**GIVEN DATA**
____

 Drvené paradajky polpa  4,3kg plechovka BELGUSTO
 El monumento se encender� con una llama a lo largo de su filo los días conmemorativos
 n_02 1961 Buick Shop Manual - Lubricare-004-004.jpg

____

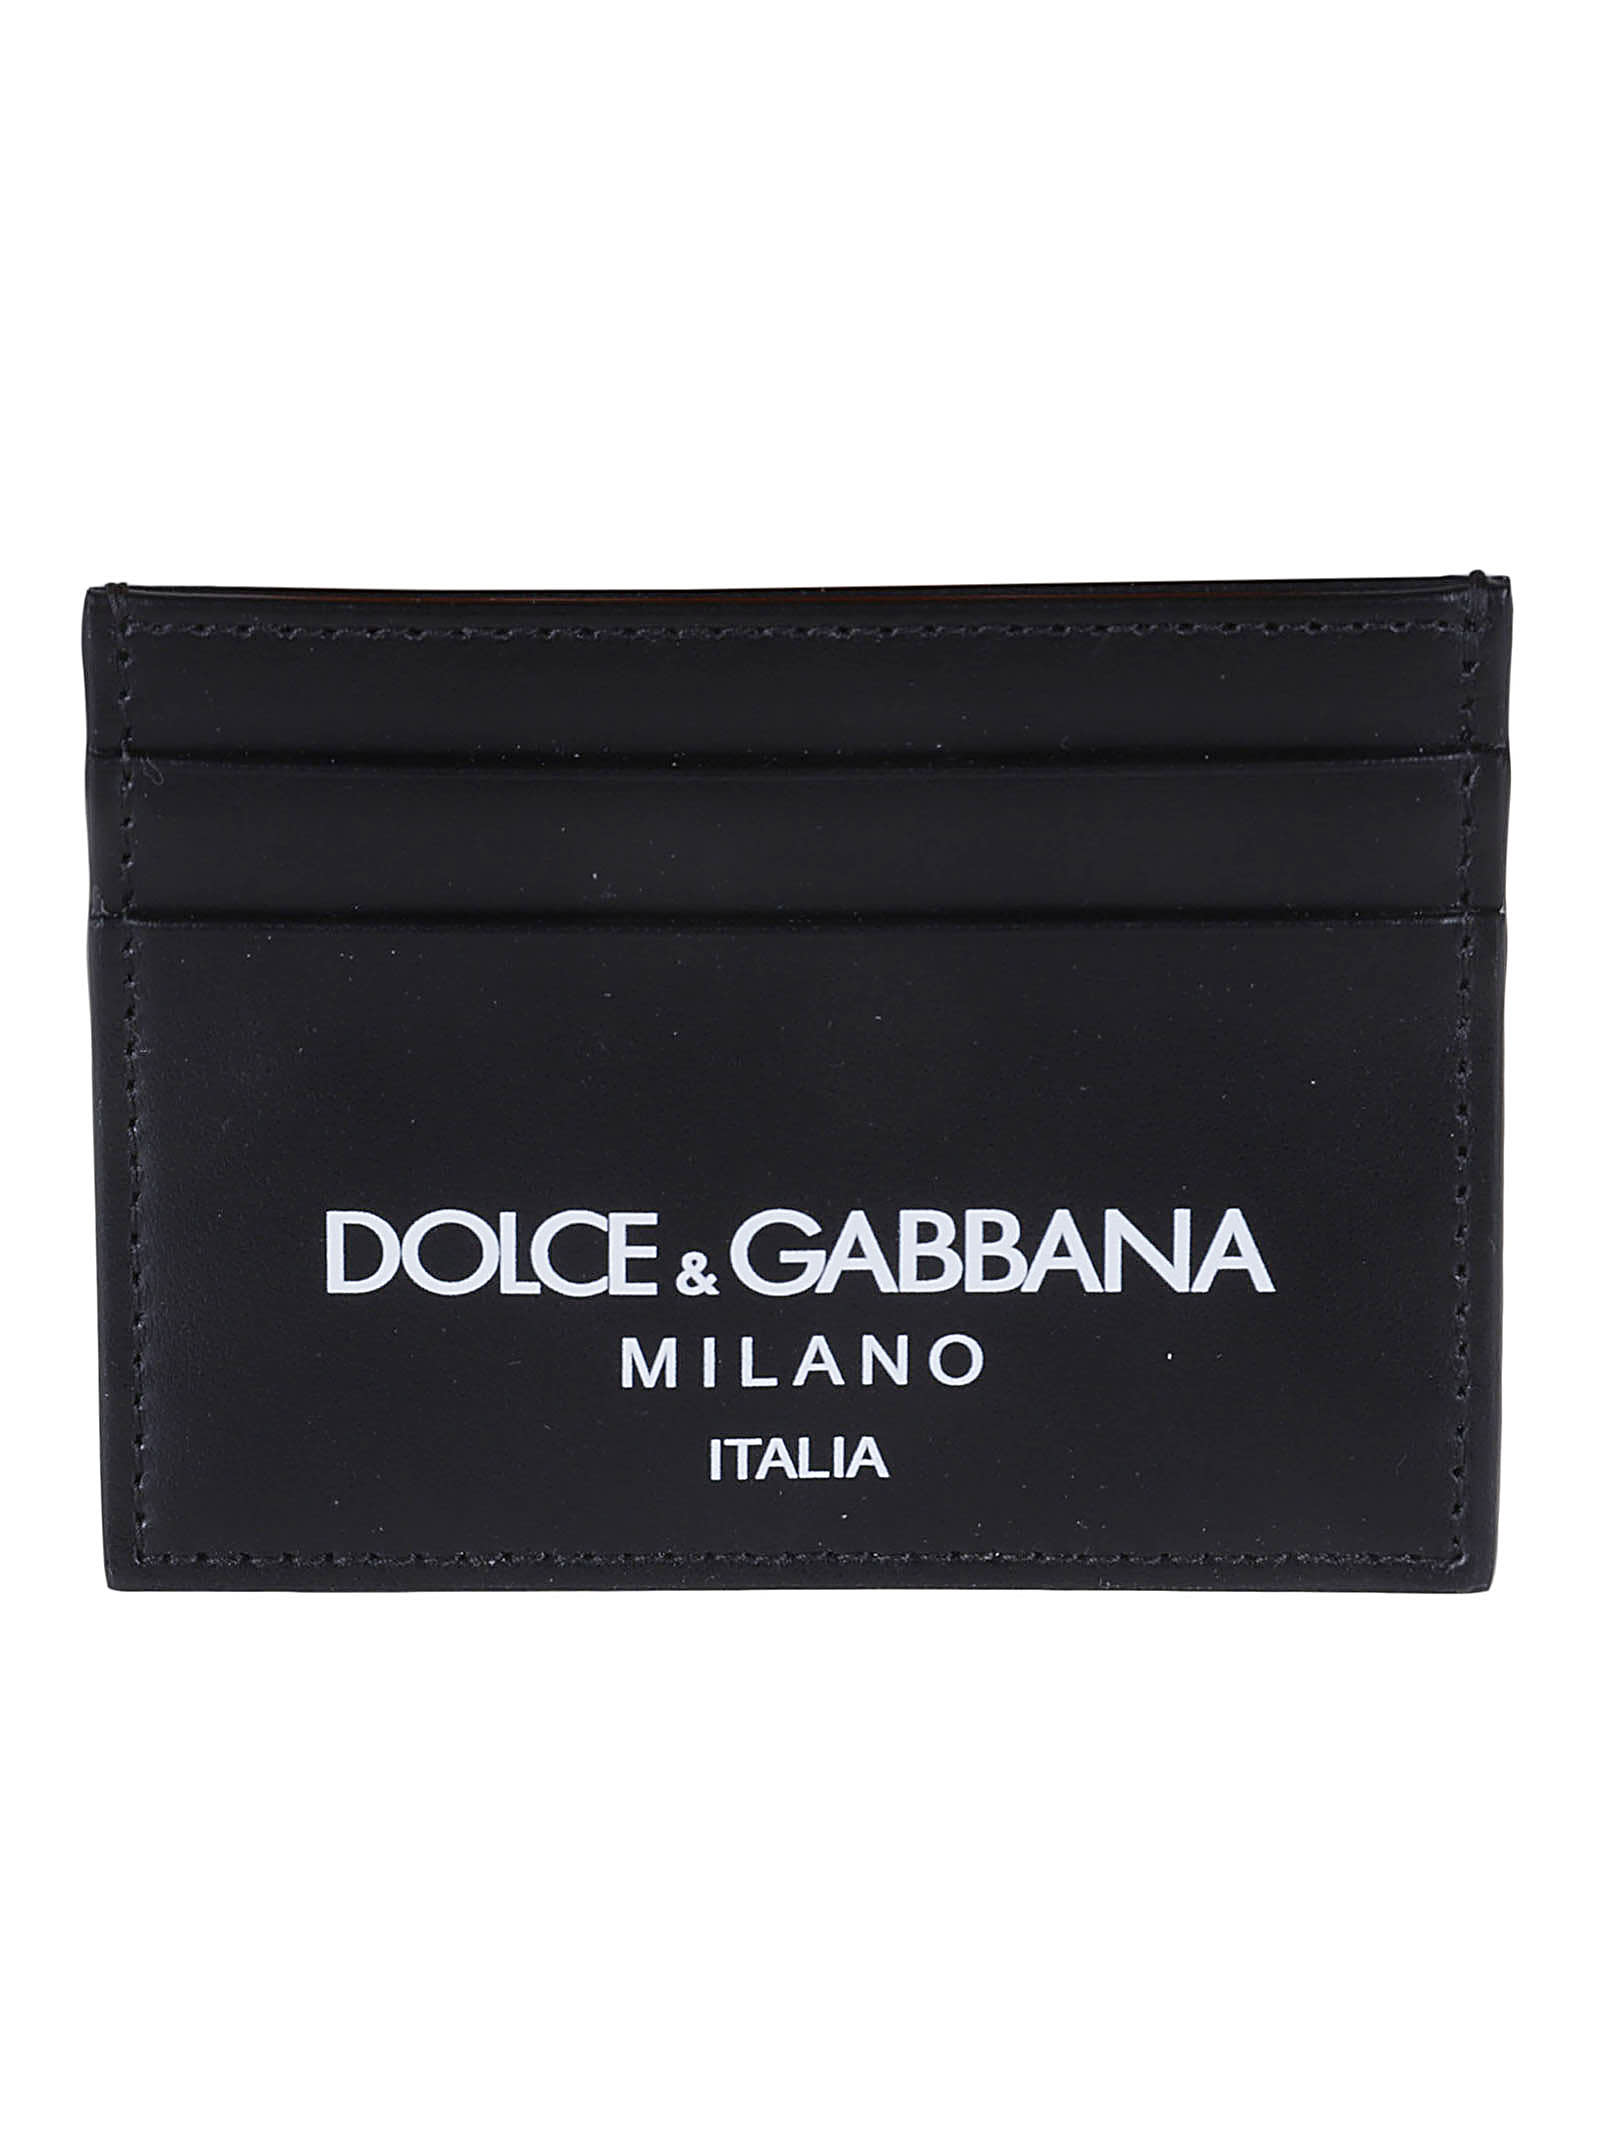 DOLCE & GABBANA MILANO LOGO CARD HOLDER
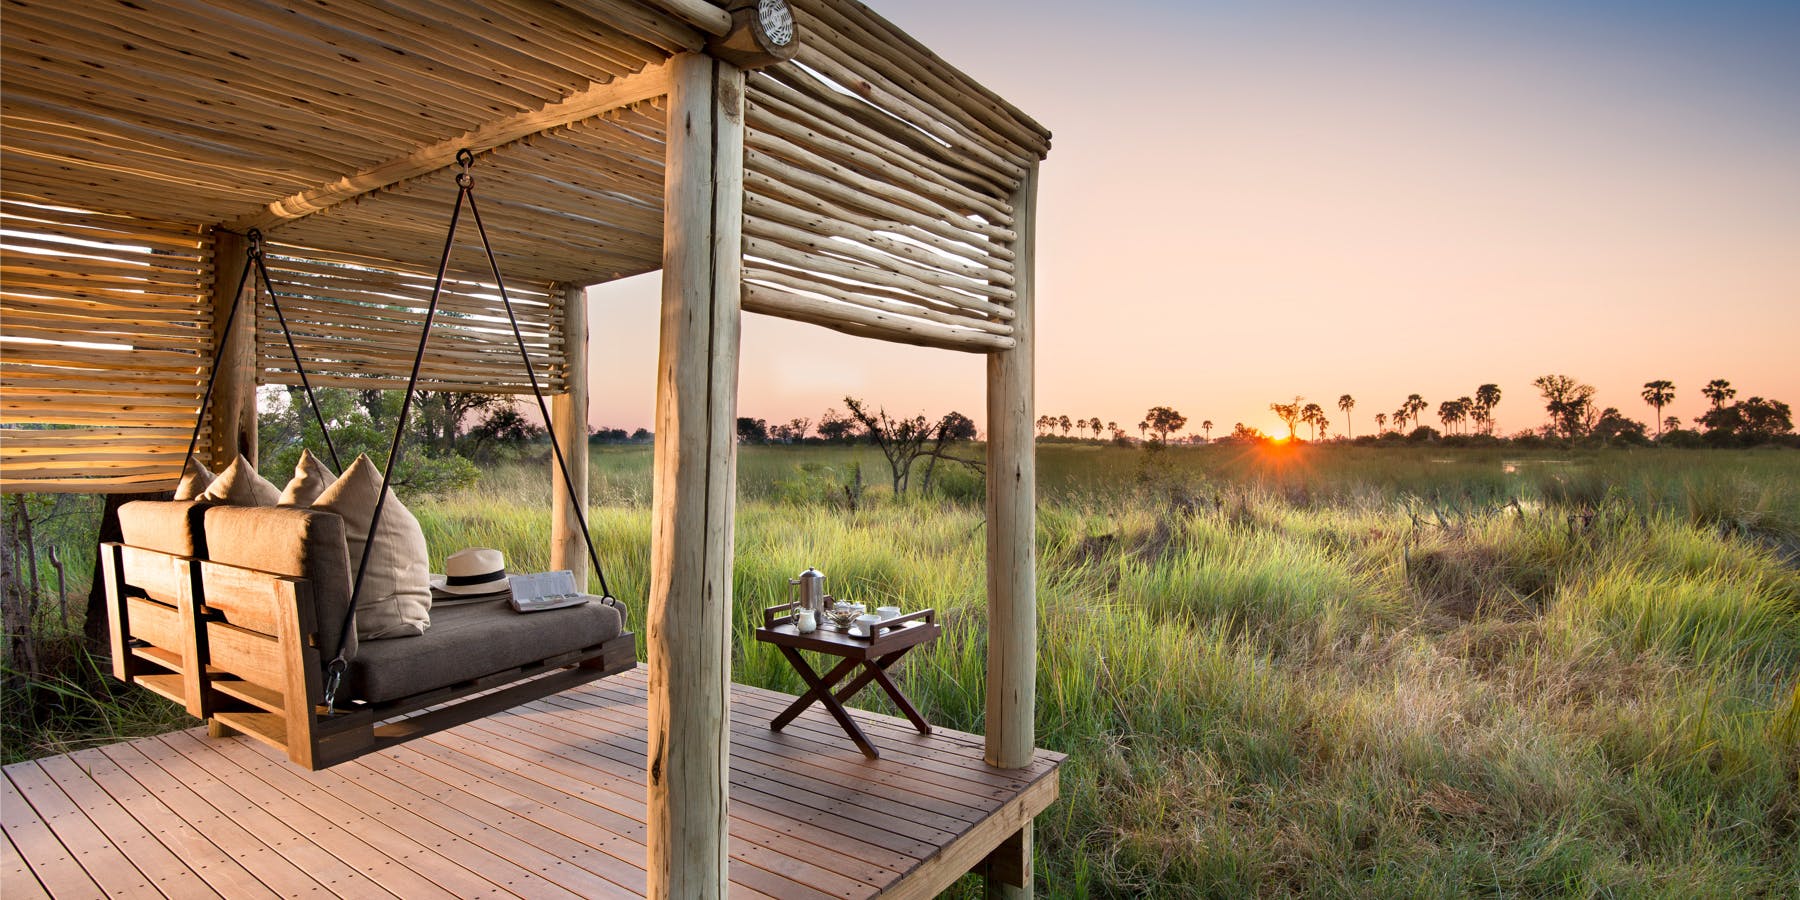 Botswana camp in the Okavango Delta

____

**TASK TO CARRY OUT**
Work from the entries above. Set down exactly and only the lines from the line with "DOLCE & GABBANA MILANO LOGO CARD HOLDER" to the line with "Botswana camp in the Okavango Delta", both included, and leave the pictures out.

**RESPONSE BOX**
 DOLCE & GABBANA MILANO LOGO CARD HOLDER
 Botswana camp in the Okavango Delta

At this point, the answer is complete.